Dexory Technical Task - Warehouse Intelligence System

Applied AI Engineer Technical Assessment
Author: Alessandro Alati
Date: November 2025

📋 Project Overview

This project analyzes 10 days of warehouse scan data to extract actionable intelligence about inventory accuracy, error patterns, and operational issues.

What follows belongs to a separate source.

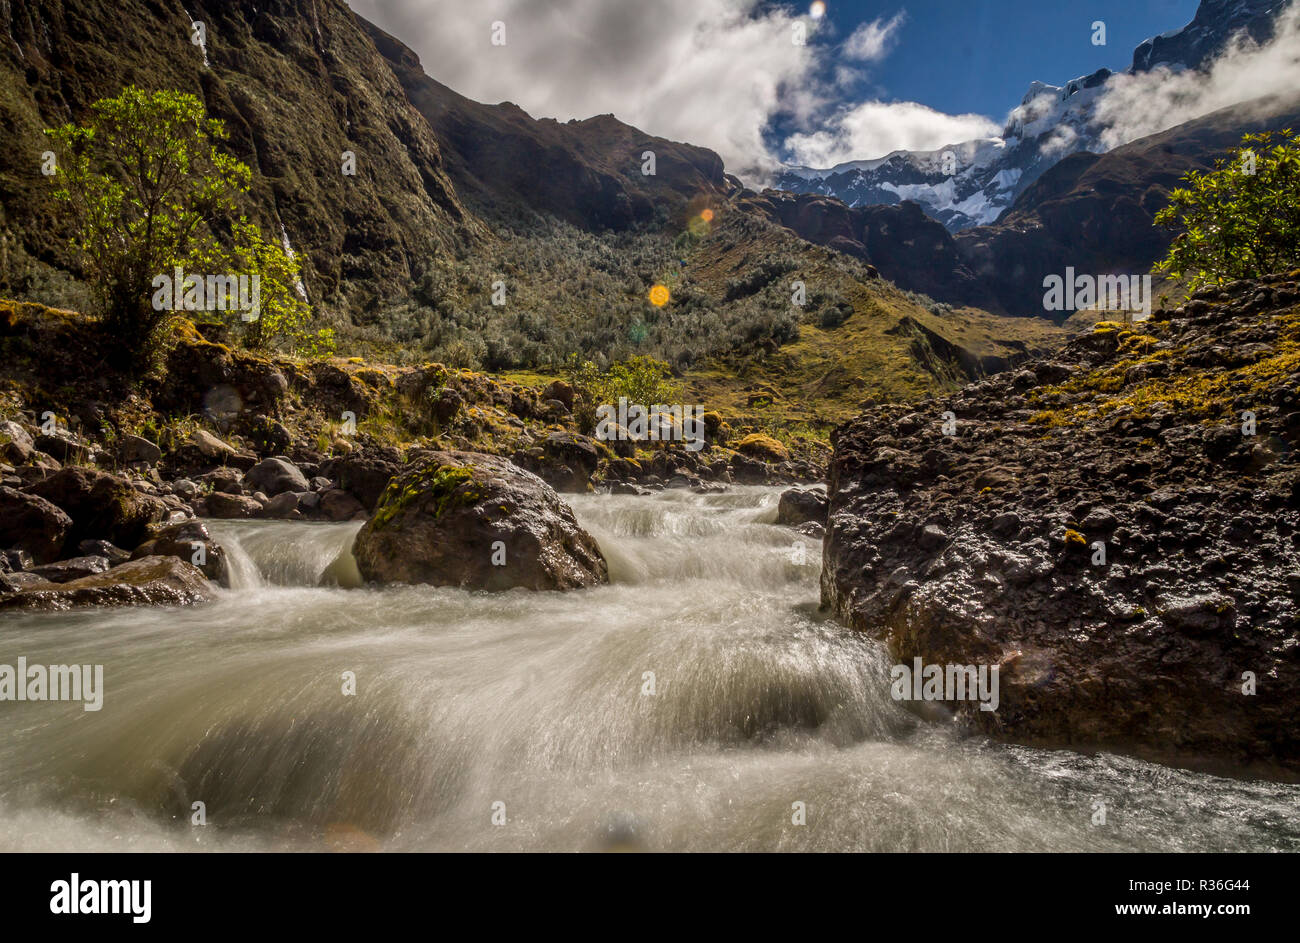 River in the Andes at El Altar Volcano in Ecuador. The Andean landscape near Banos in Ecuador is superb, from volcanic glaciers rivers flow through th Stock Photo
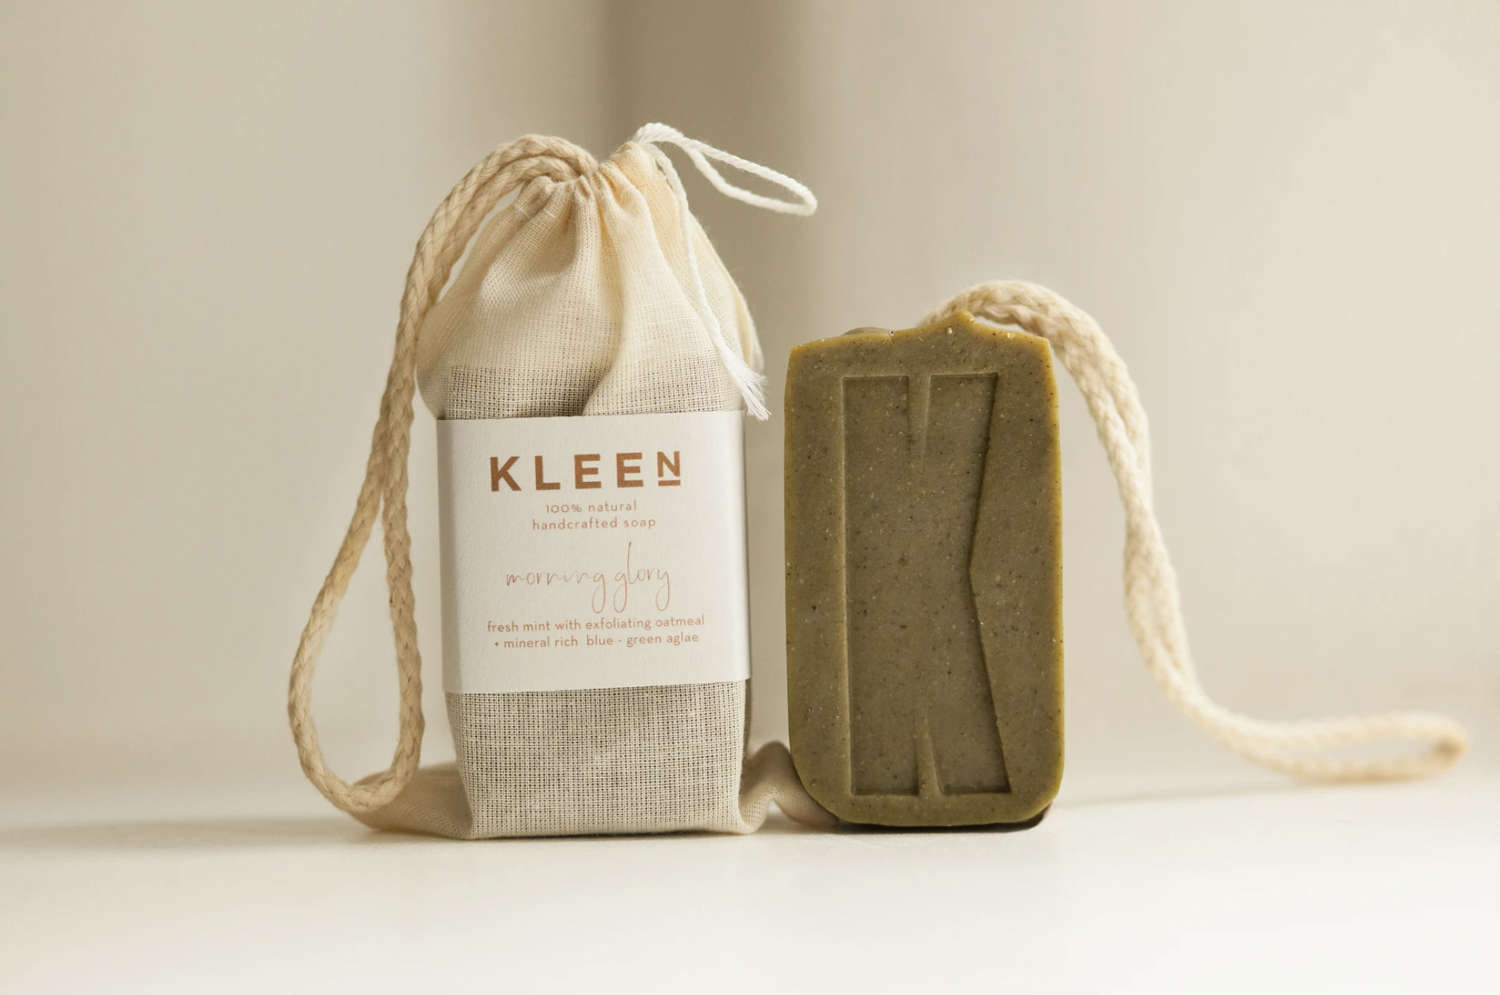 Morning Glory - Kleen 100% Natural handcrafted soap on a rope - 160g

It includes a complete data pipeline, exploratory analysis, anomaly detection, and a containerized REST API.

🎯 Completed Tasks

✅ Point 1: Data Engineering Pipeline

Ingests 10 days of warehouse scan data (350K+ records)
Merges with warehouse layout (33K+ locations)
Outputs clean Parquet dataset with spatial features
Includes comprehensive unit tests

✅ Point 2: Exploratory Data Analysis (EDA)

WHAT: Daily accuracy trends and error type breakdown
WHERE: Spatial hotspots (shelf levels, aisles, height correlations)
WHEN: Velocity analysis (fast-moving locations)
Generates 8 publication-quality visualizations
Statistical validation (chi-square tests, correlations)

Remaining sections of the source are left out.